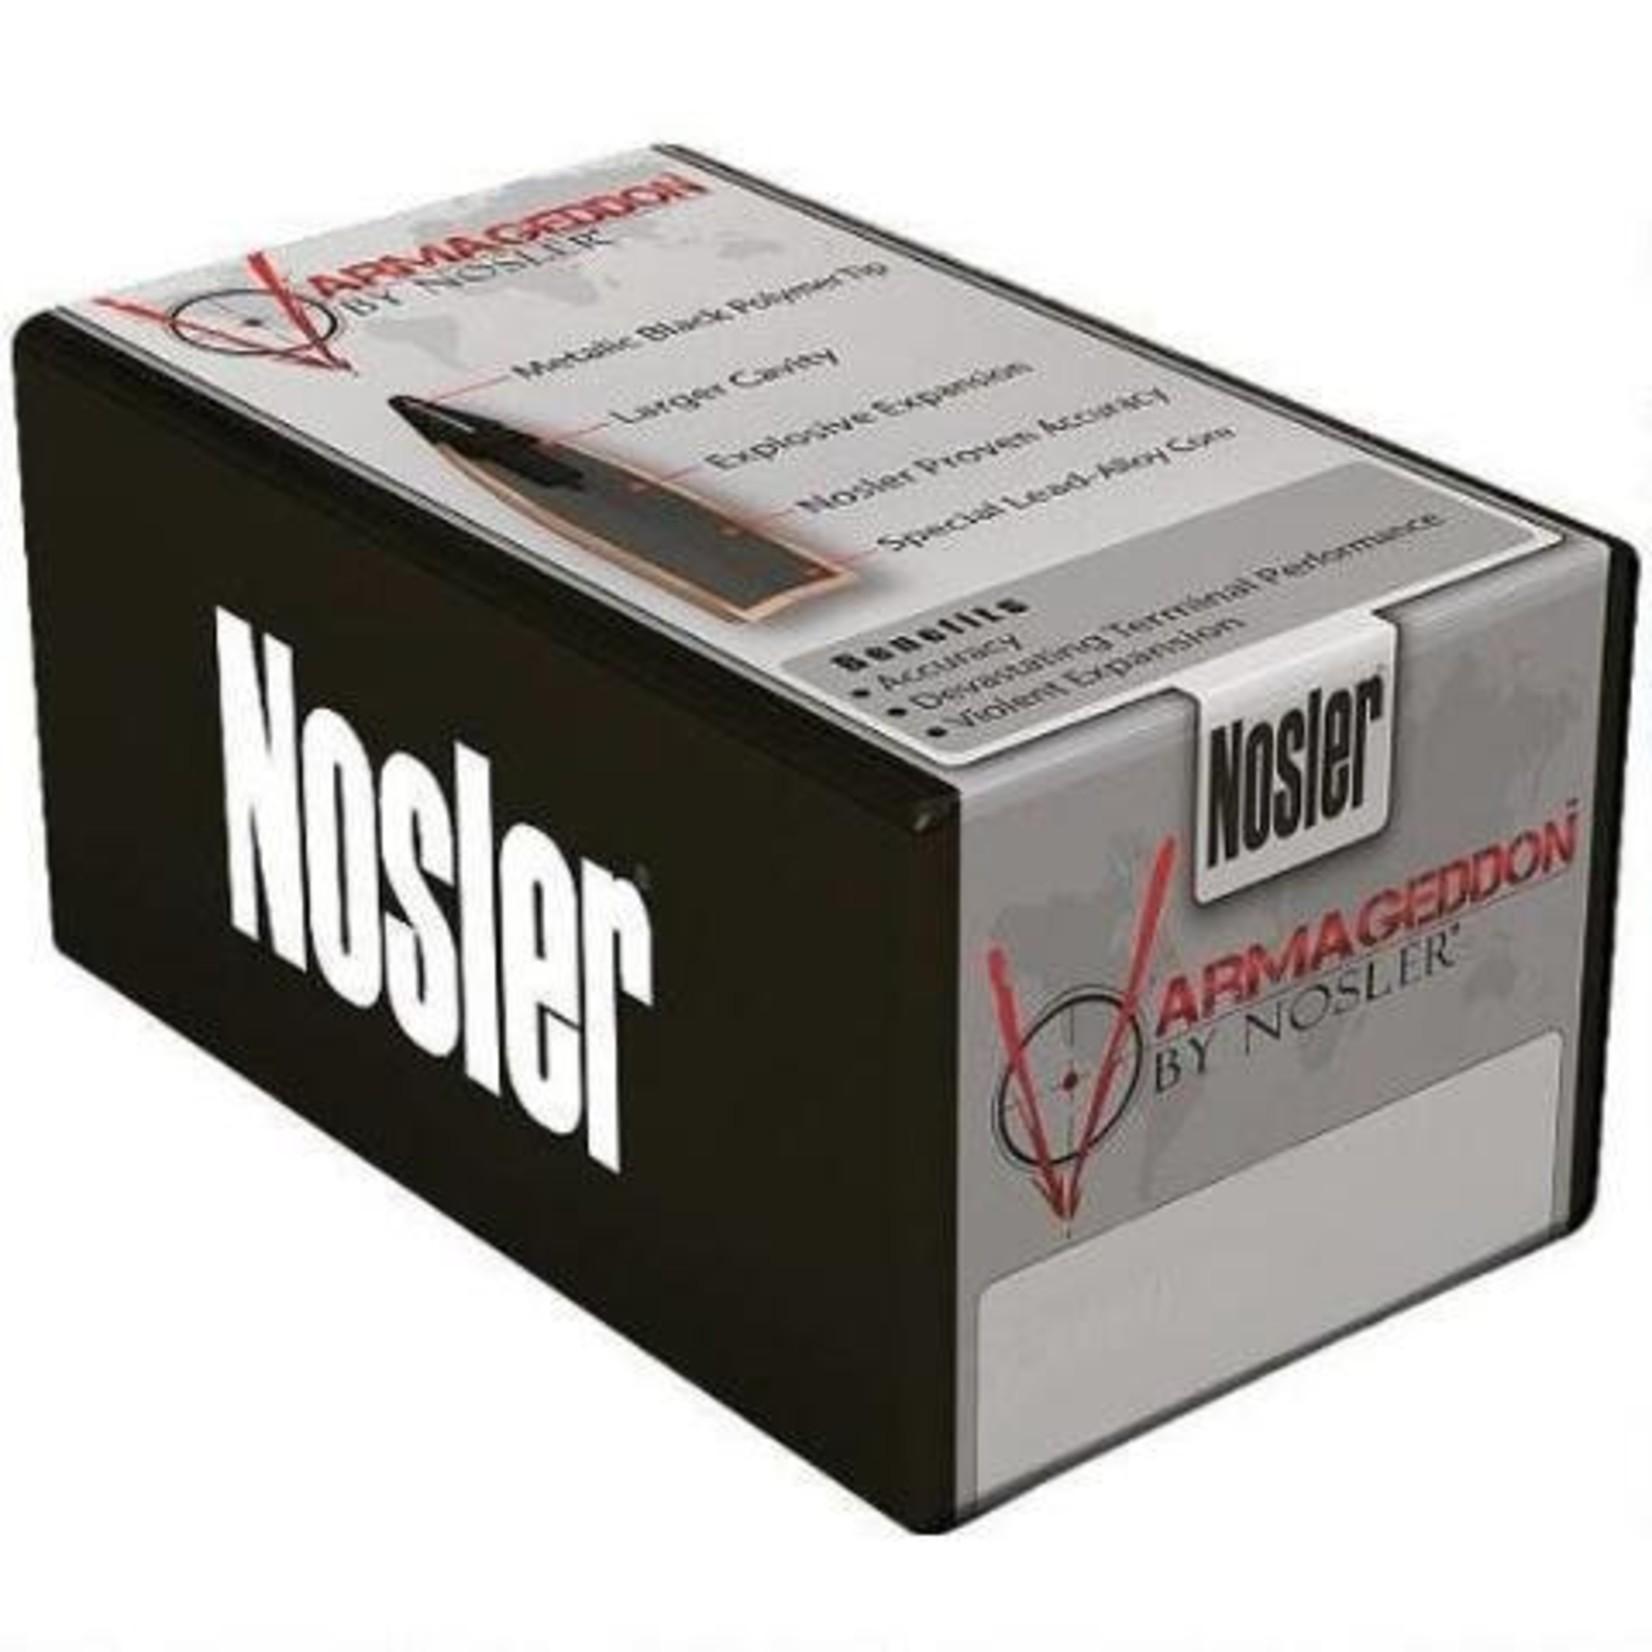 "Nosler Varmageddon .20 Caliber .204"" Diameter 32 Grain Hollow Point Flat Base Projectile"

::::::::

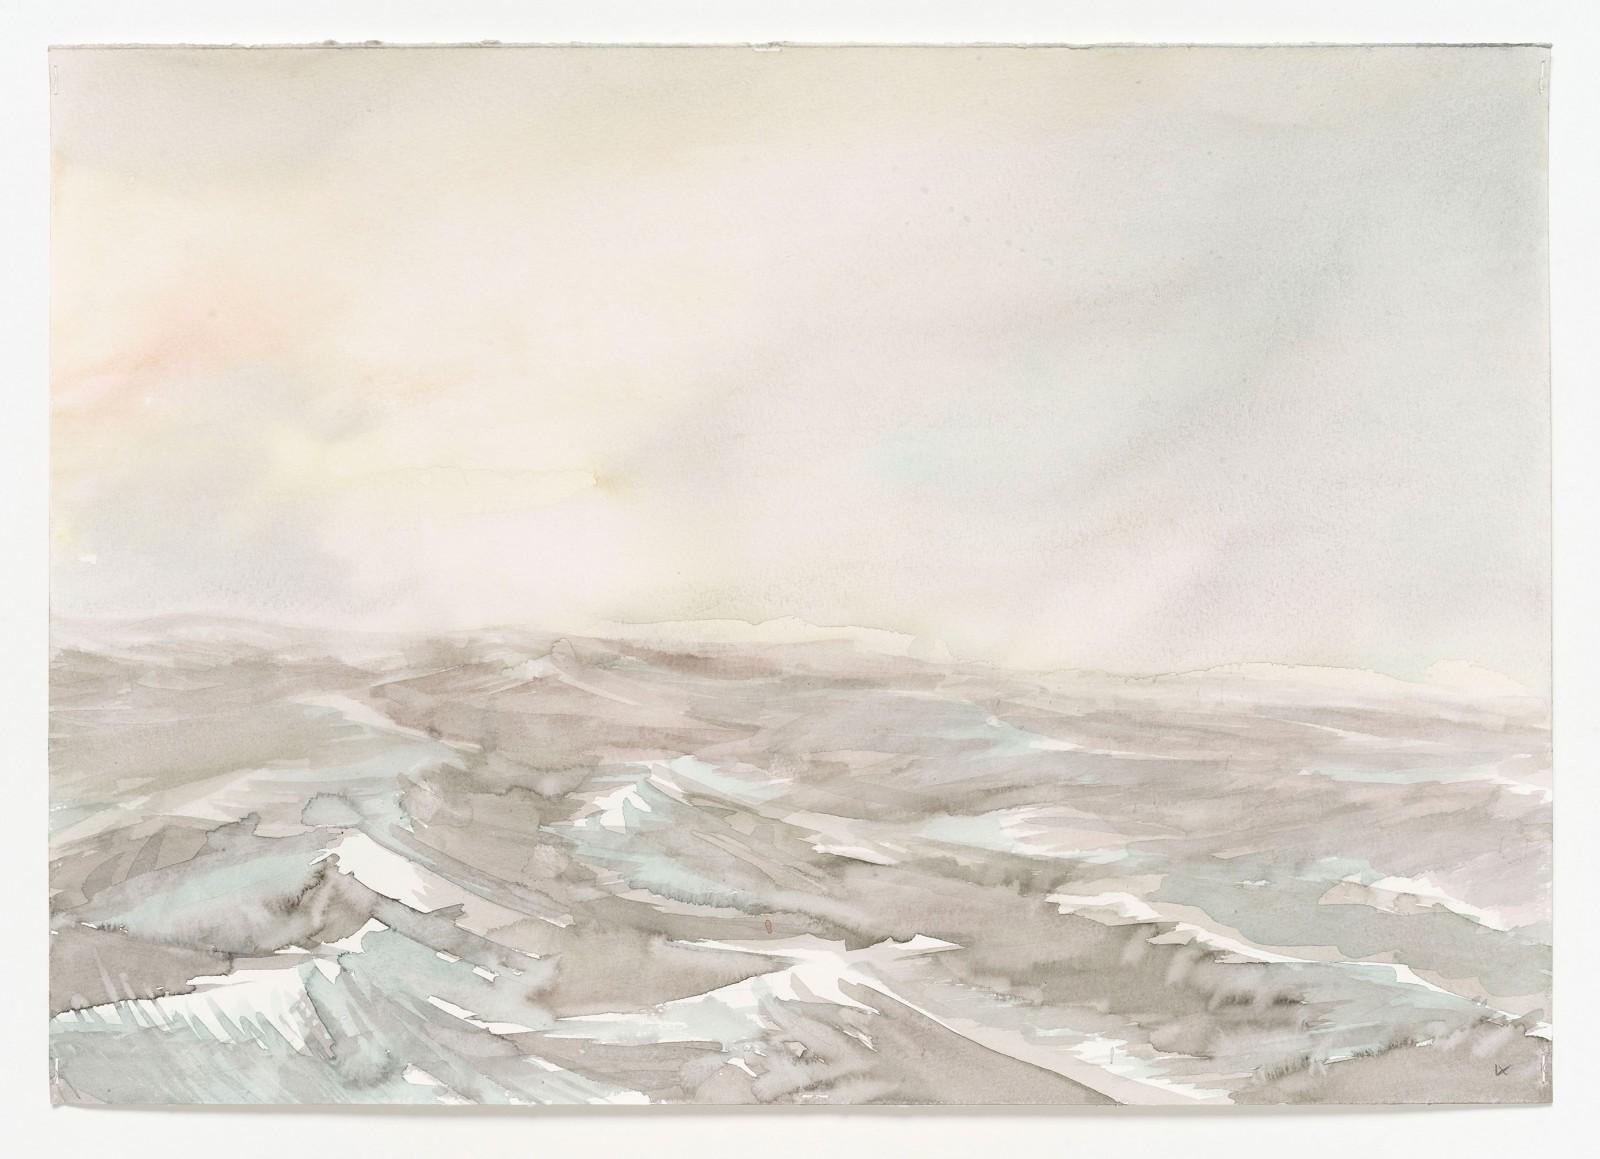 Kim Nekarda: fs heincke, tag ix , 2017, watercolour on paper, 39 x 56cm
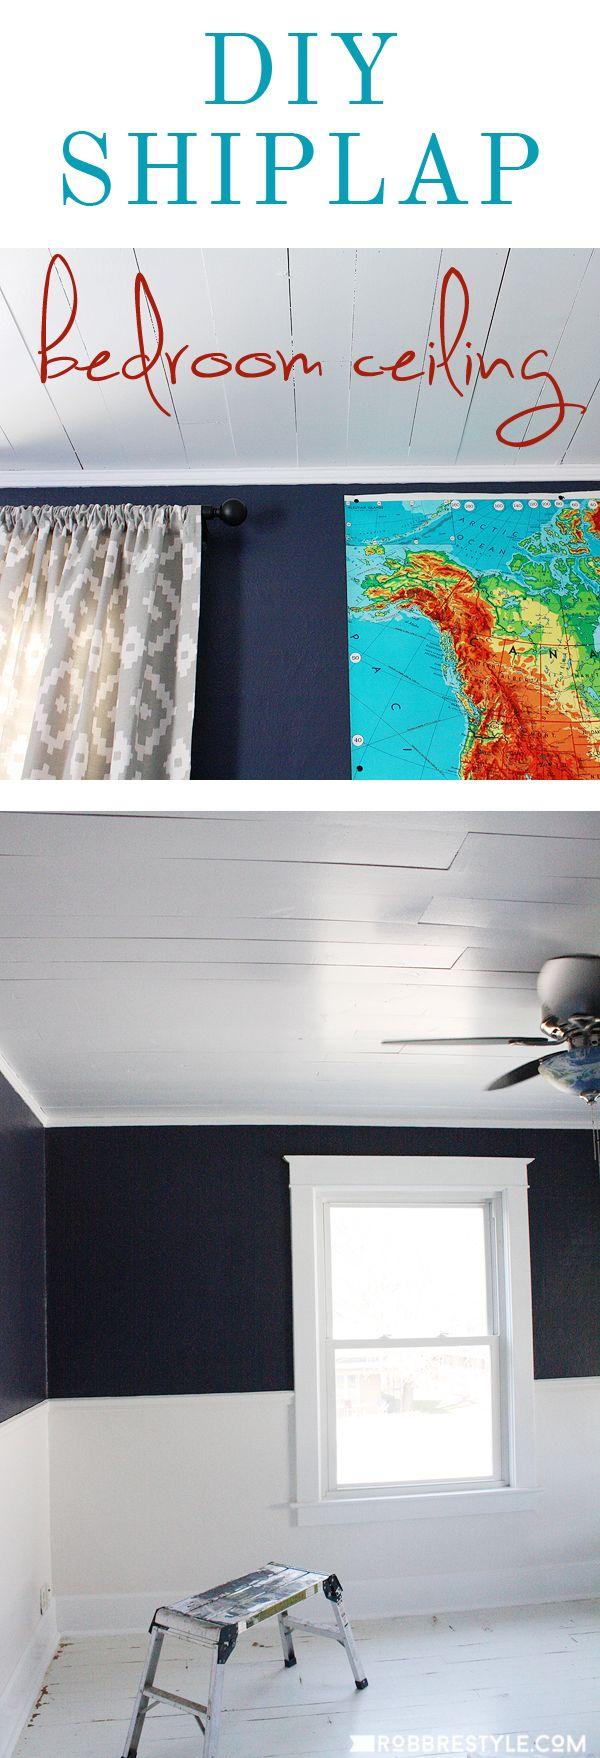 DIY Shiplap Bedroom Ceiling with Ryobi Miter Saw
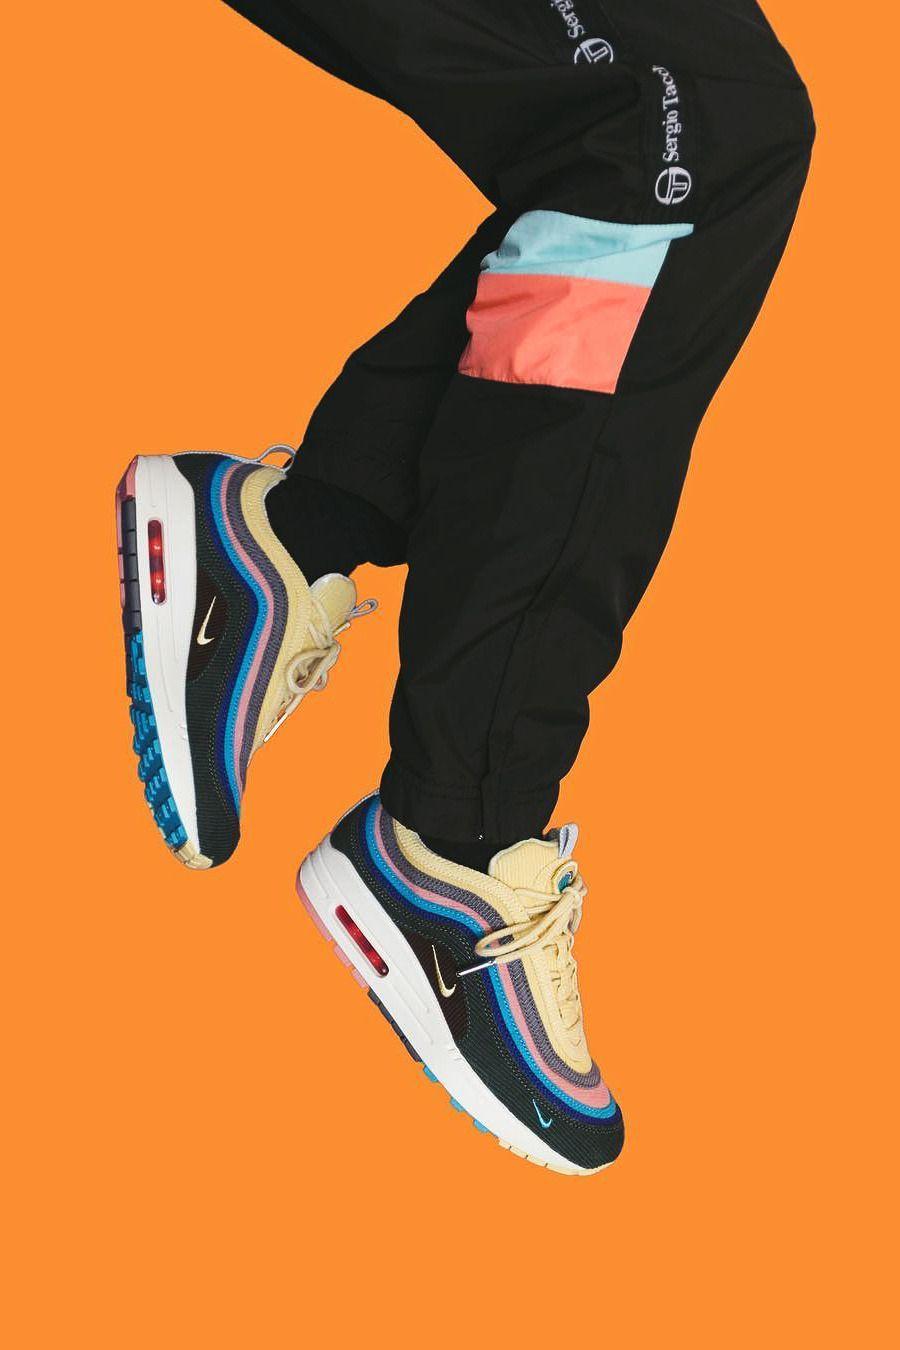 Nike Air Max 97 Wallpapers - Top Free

::::::::

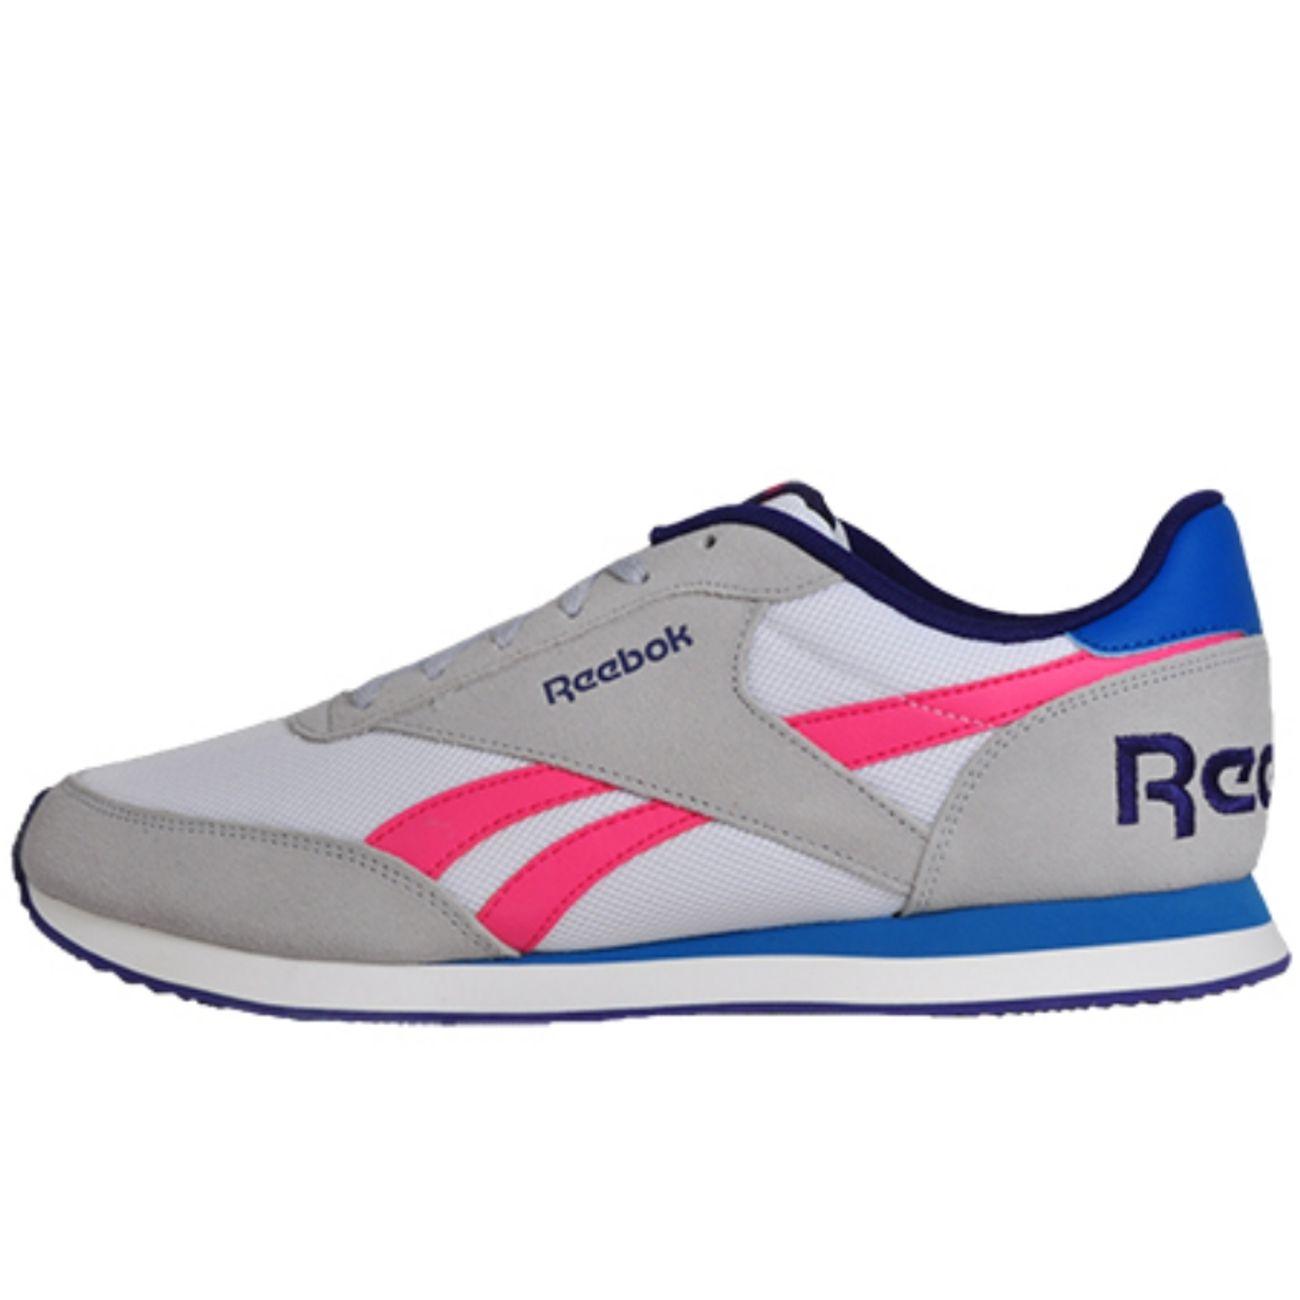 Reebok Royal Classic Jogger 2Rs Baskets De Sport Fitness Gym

::::::::

Exactly as written above, retype the lines starting at the one holding "DIY Shiplap Bedroom" and ending at the one holding "Nike Air Max 97 Wallpapers - Top Free", both included, but not the pictures.

 DIY Shiplap Bedroom Ceiling with Ryobi Miter Saw
 Nike Air Max 97 Wallpapers - Top Free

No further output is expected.